Apresento aqui 7 coerentes princípios da governação económica global com que talvez eles concordassem (apresento-os com maior pormenor no meu novo livro, The Globalization Paradox).
1. "Os mercados devem estar profundamente integrados em sistemas de governação" - A ideia de que os mercados são auto-reguladores foi absolutamente aniquilada na recente crise financeira e deve ser abandonada de uma vez por todas. Os mercados exigem outras instituições sociais que os apoiem. Eles contam com os tribunais, com estruturas legais e reguladores para estabelecerem normas e as porem em prática. Dependem das funções estabilizadoras que os bancos centrais e a política fiscal contra-cíclica exercem. Precisam do consenso político que a tributação redistributiva, as redes de segurança e a segurança social ajudam a criar. E tudo isto se aplica também aos mercados globais.

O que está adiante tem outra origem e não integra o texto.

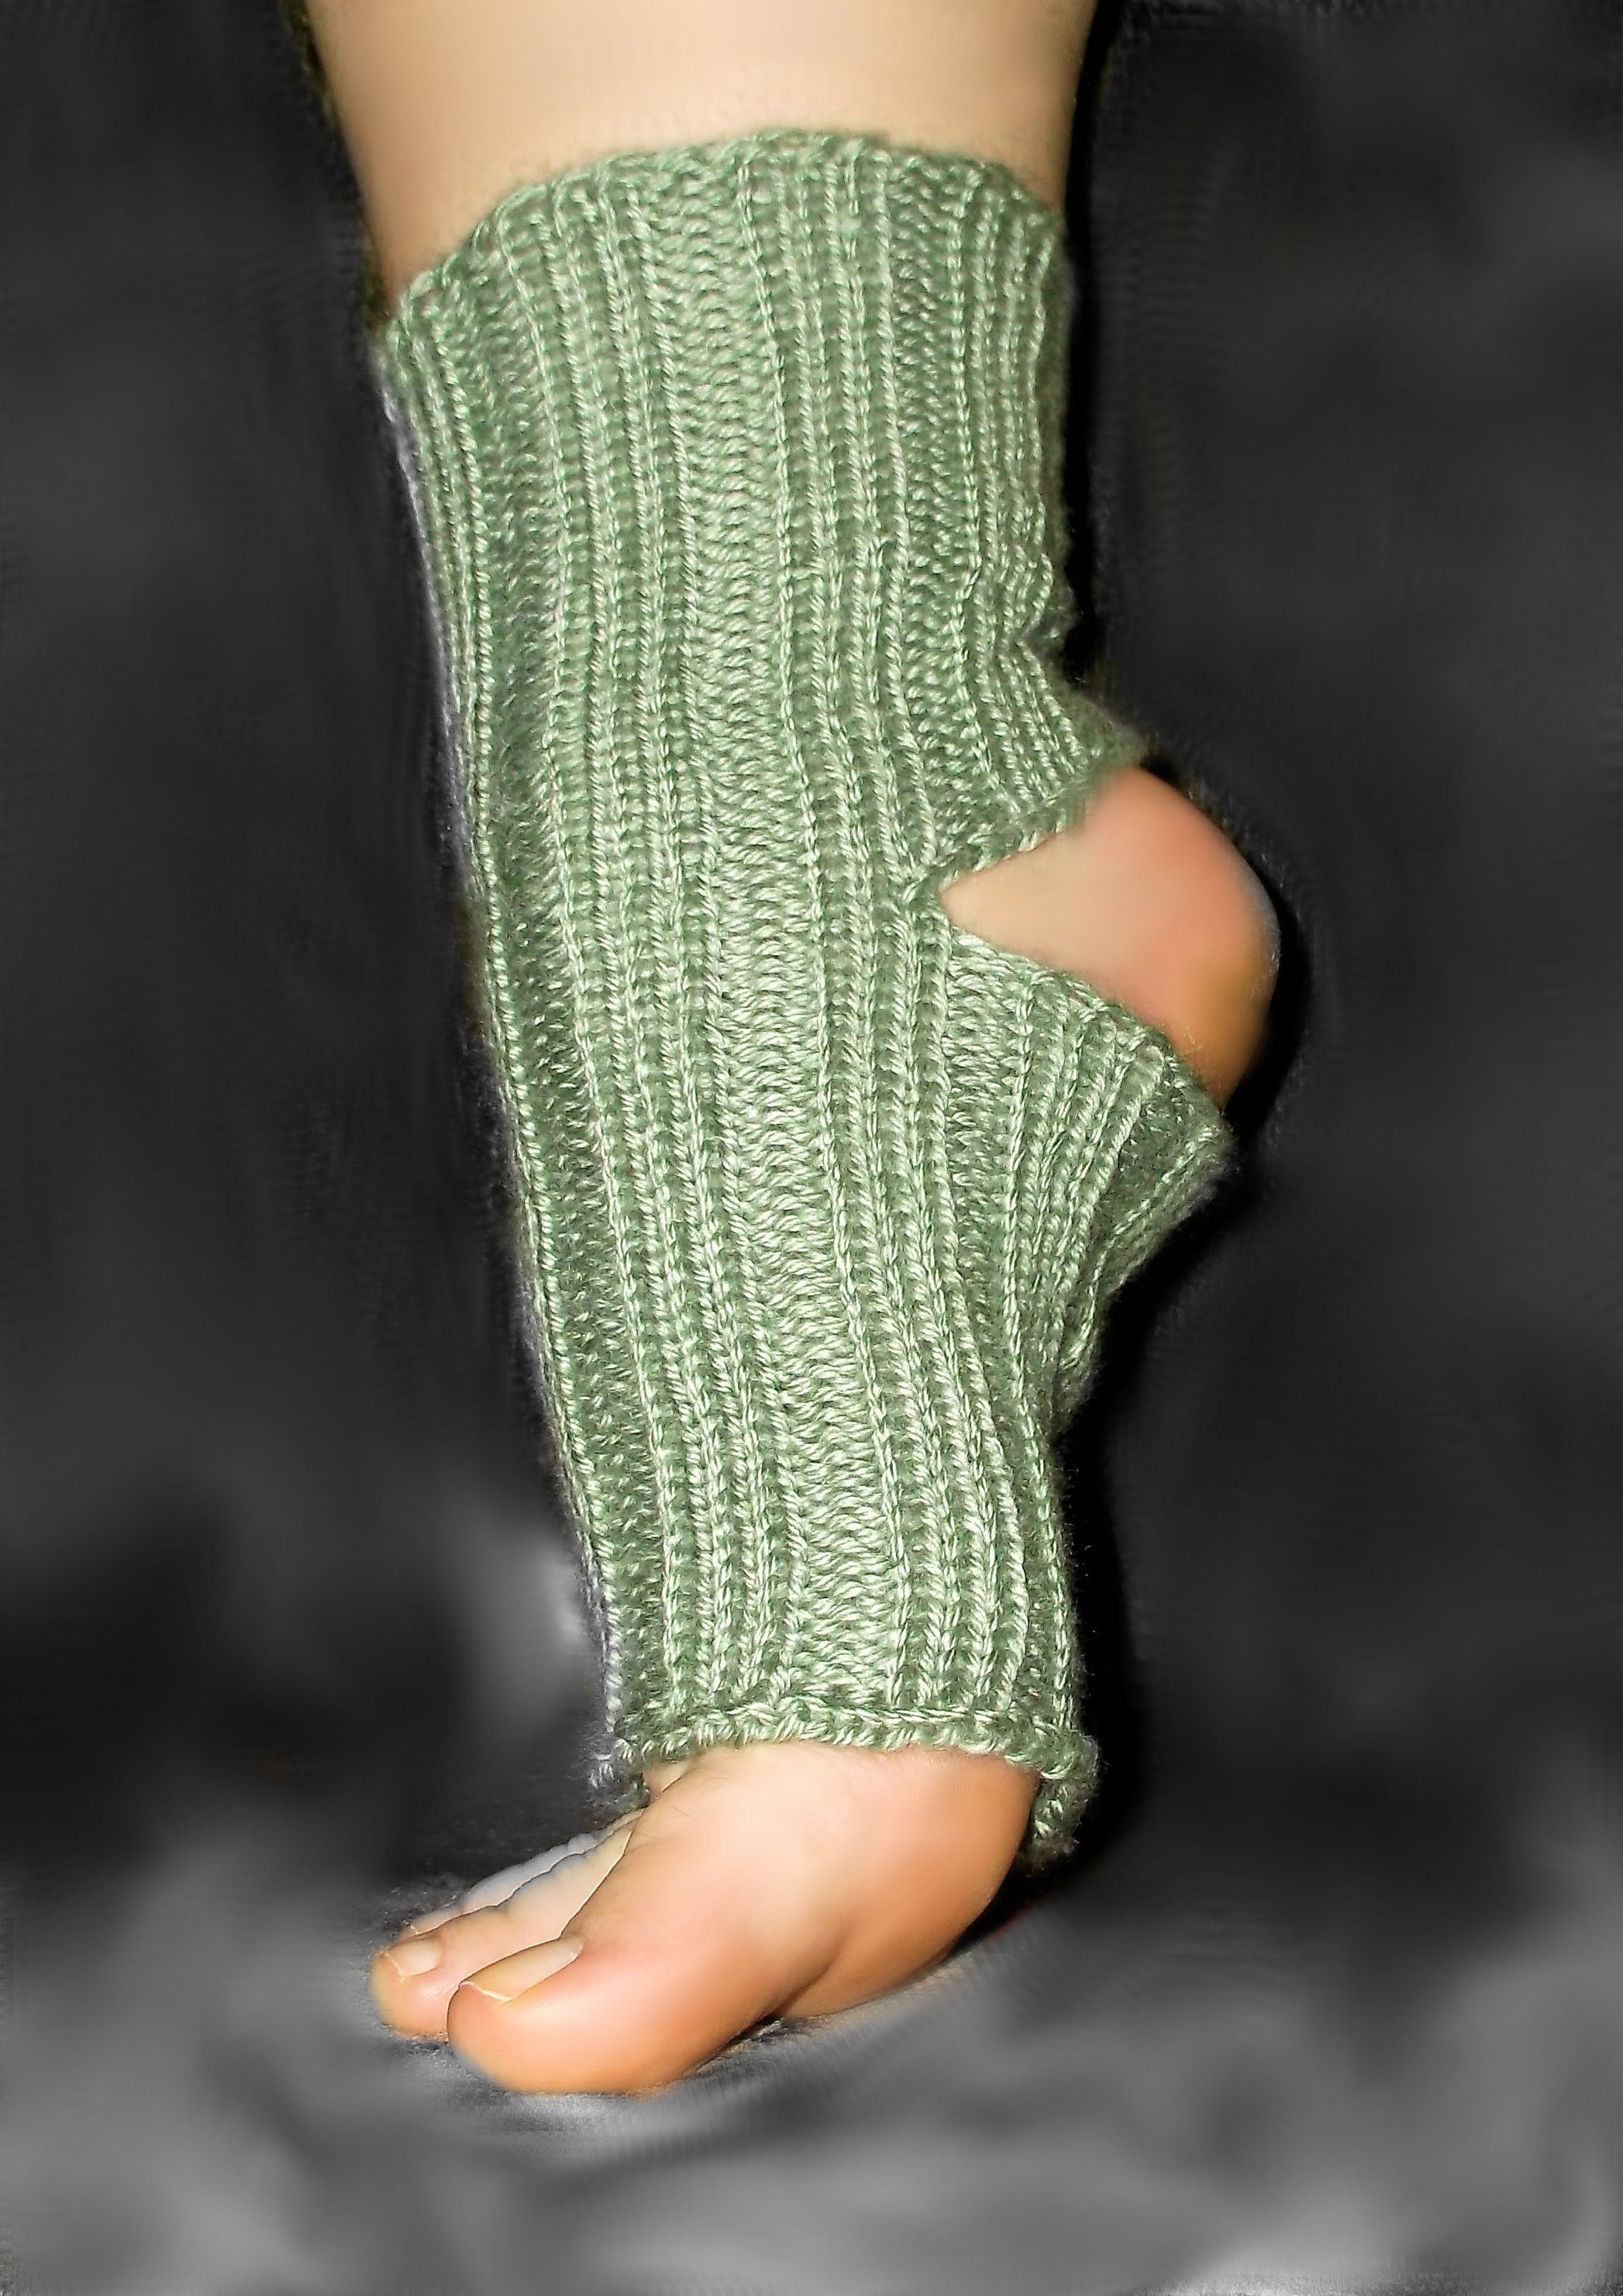 How To Loom Knit Yoga Socks | Loom Knitting Tutorials - Patterens ...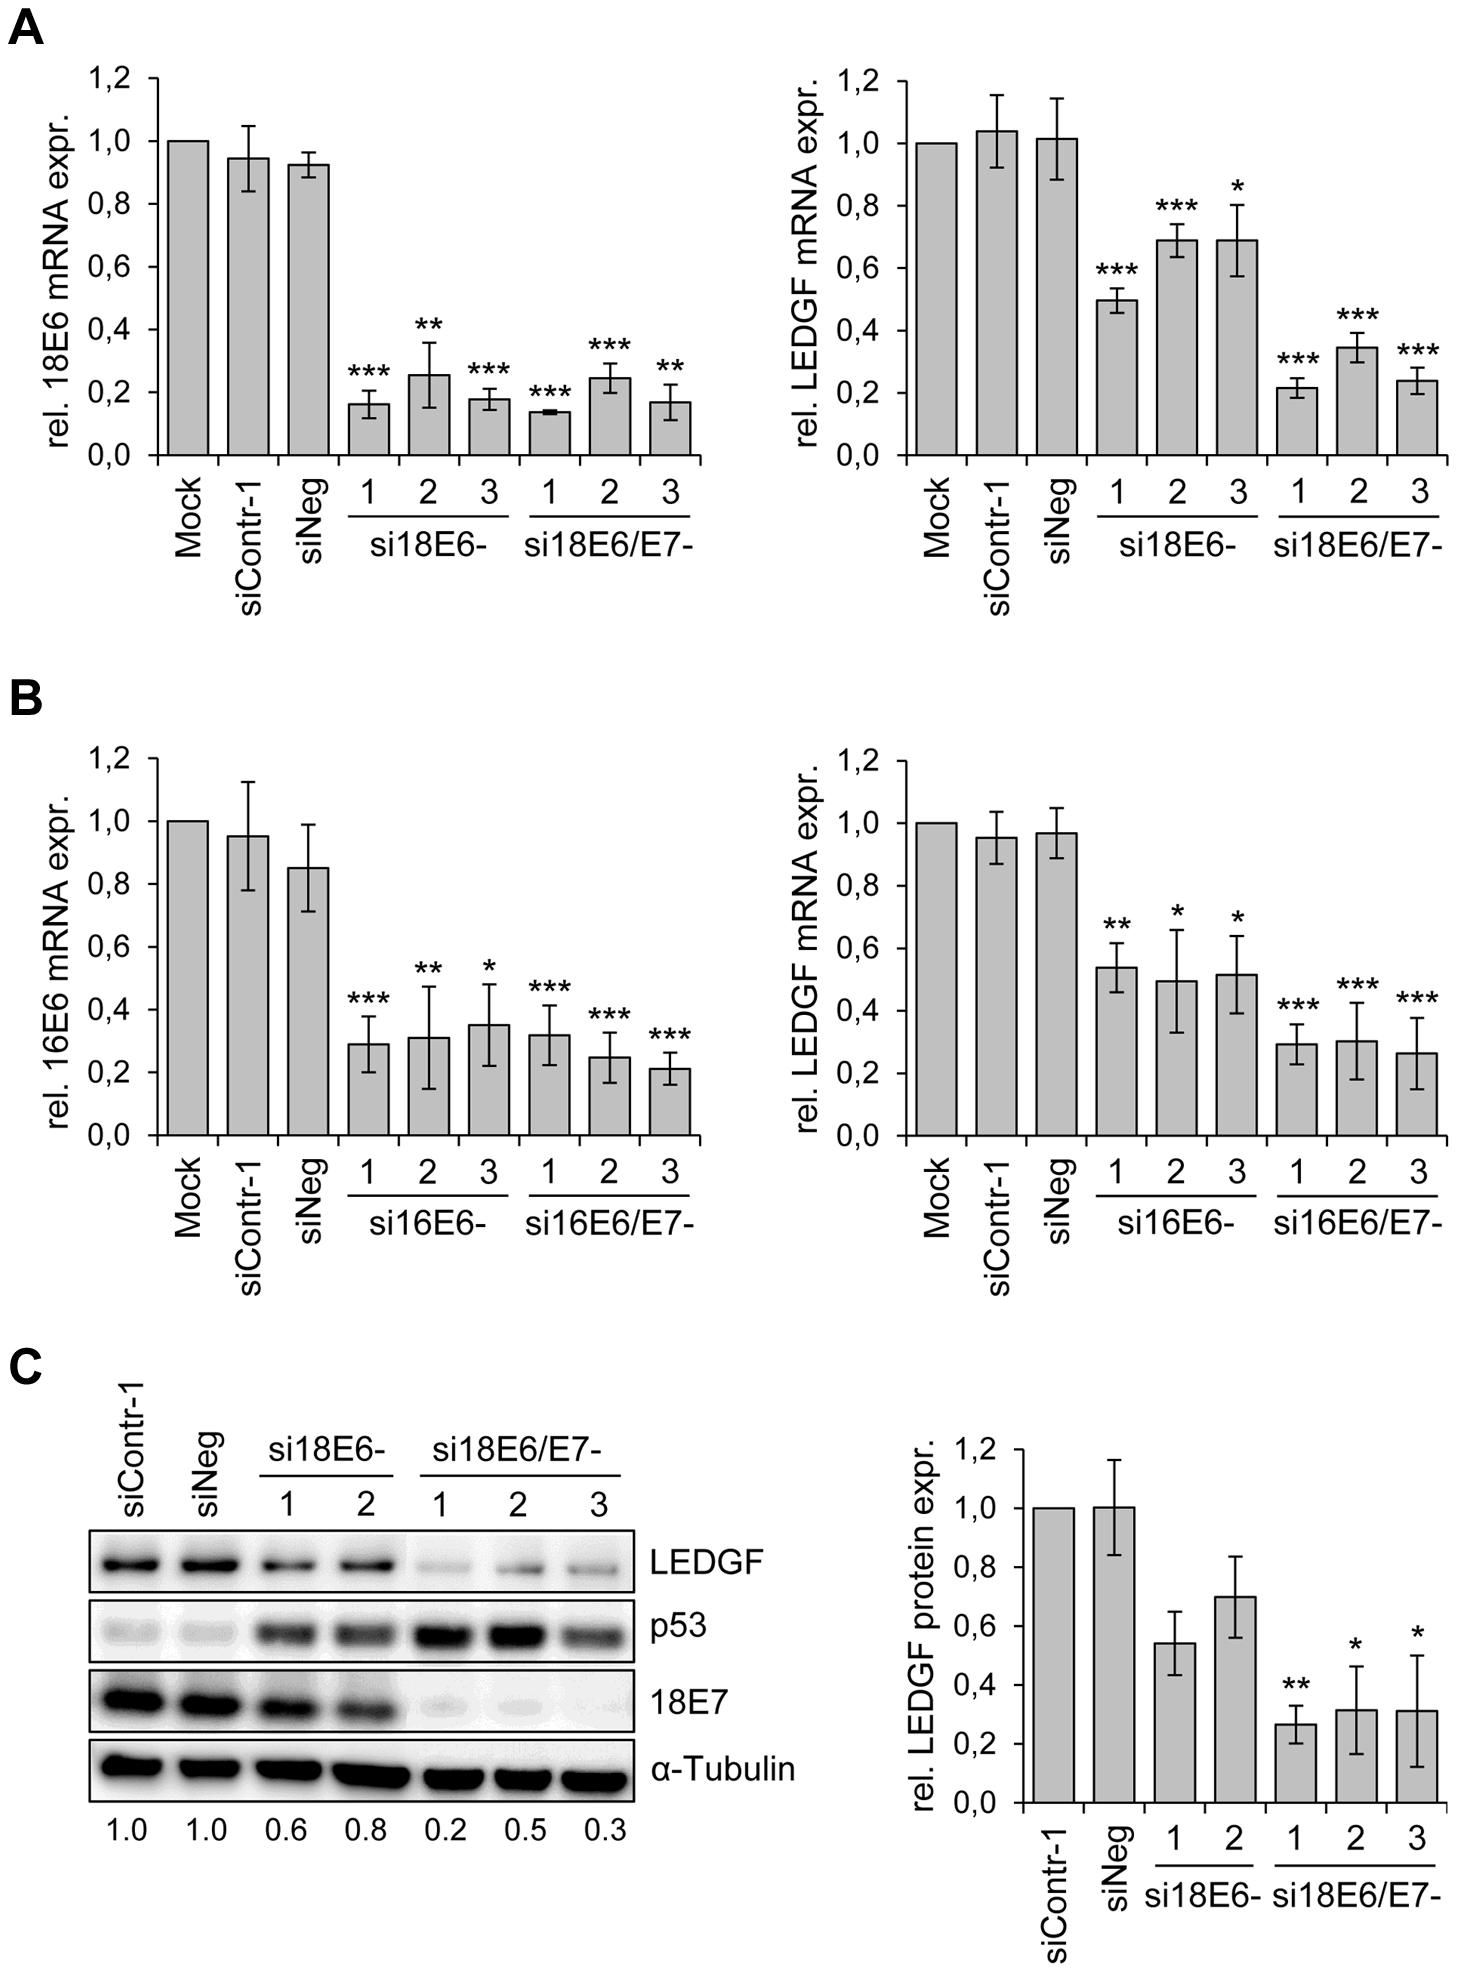 HPV oncogene silencing represses <i>LEDGF</i> expression.

2. "É provável que, num futuro próximo, a governação democrática seja organizada no seio das comunidades políticas nacionais" - O Estado-nação existe, embora não nos melhores moldes, e continua a ser, no essencial, a única coisa que existe. A governação global é uma tarefa de loucos. É altamente improvável que os governos nacionais cedam controlo significativo a instituições transnacionais, e harmonizar normas não beneficiaria sociedades com diferentes gostos e necessidades. A União Europeia será talvez a única excepção deste axioma, embora a actual crise em que se encontra tenda a comprovar esse ponto de vista.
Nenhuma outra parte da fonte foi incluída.